Vitex pseudo-negundo belongs to the Lamiaceae family and is commonly known as the Chinese chaste tree or five-leaved chaste tree. Vitex pseudo-negundo is typically characterized by a large aromatic square shrub and thickly whitish, containing a multitude of phytochemical compounds [1]. There are approximately 270 species of this genus which are distributed in regions around the world from the Mediterranean areas to Central Asia [2]. This genus serves as an important natural source of traditional medicine in Western Asia, including Syria, Iran, Afghanistan, and other areas. In Iran, it can be found in Tehran, Karaj, Qom, Khorasan, Ahvaz, and Fars provinces [1, 3, 4]. Recent studies have revealed that Vitex pseudo-negundo possesses various medicinal properties such as antimicrobial, anti-inflammatory, and antioxidant activities. It has been used to treat several female disorders including endometriosis, abnormal menstrual cycles, menopausal dysfunction, and inadequate lactation. On the other hand, the incidence of fungal infections is currently on the rise, placing significant pressure on healthcare professionals [5, 6].

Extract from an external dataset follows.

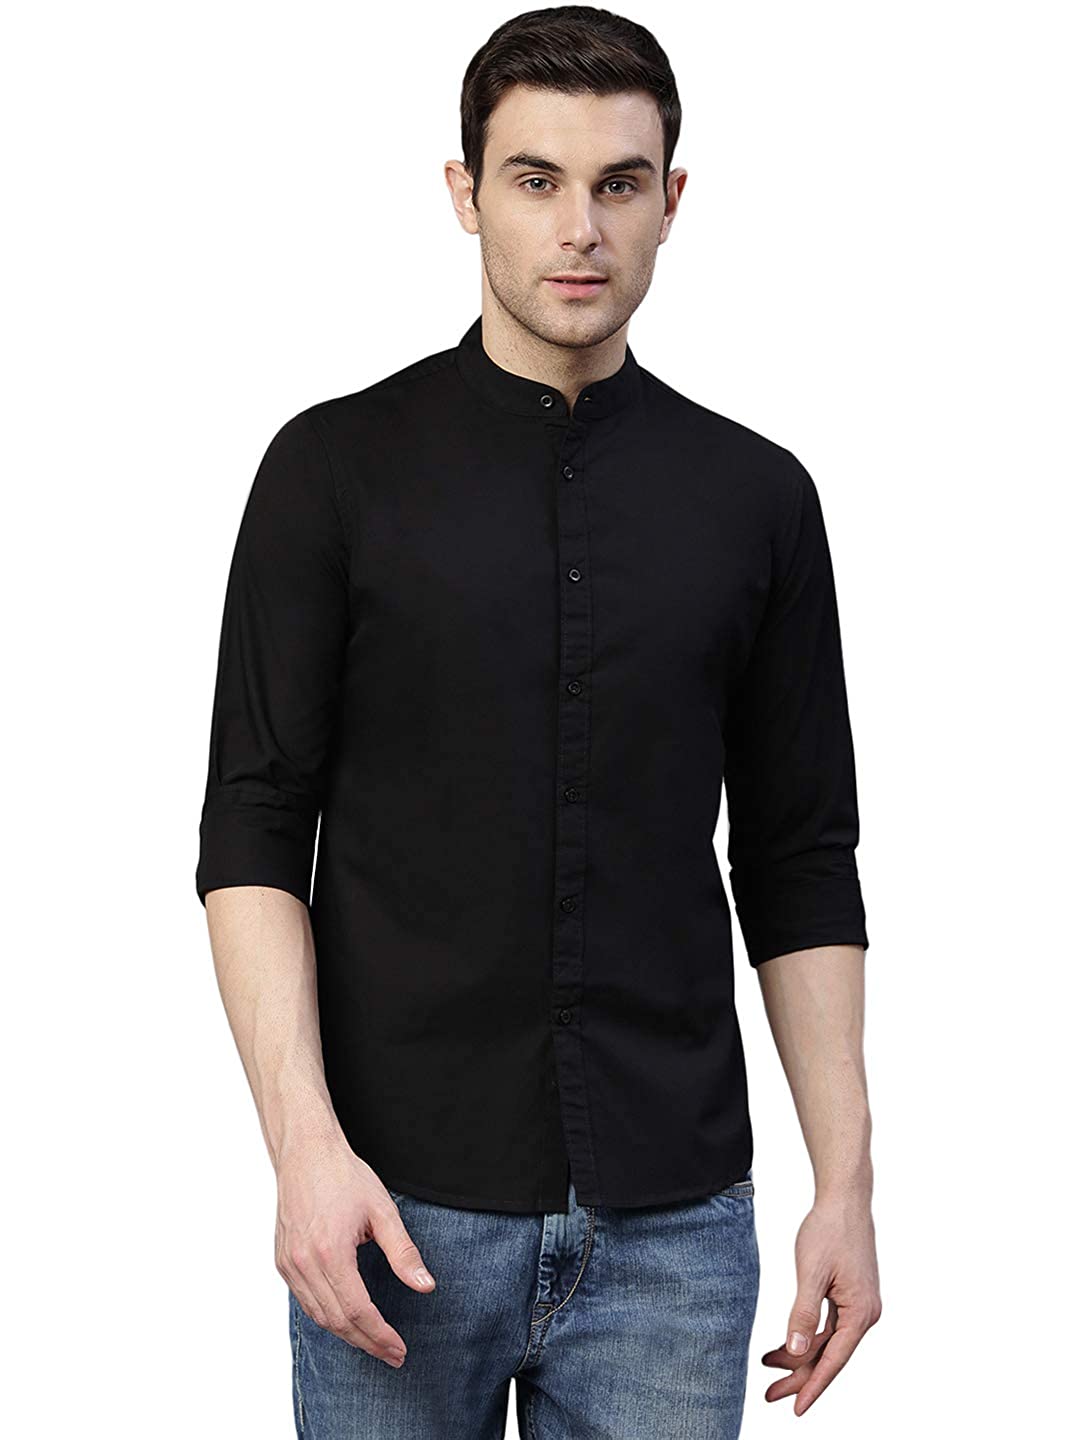 black collarless shirt

One of the most important reasons for this increase is related to the rising number of patients with immune system defects resulting from changes in medical practice, including chemotherapy and immunosuppressive drugs. Additionally, invasive fungal infections (IFI) have significantly increased among immunosuppressant patients, especially among those who are HIV-infected [7]. The Candida genus comprises many species considered normal flora of mucosal surfaces. This species has been regarded as the most common pathogenic yeast and also the fourth cause of systemic infections in hospitalized patients. Furthermore, it is worth noting that recent clinical implications have highlighted the increasing involvement of non-Candida albicans species [8].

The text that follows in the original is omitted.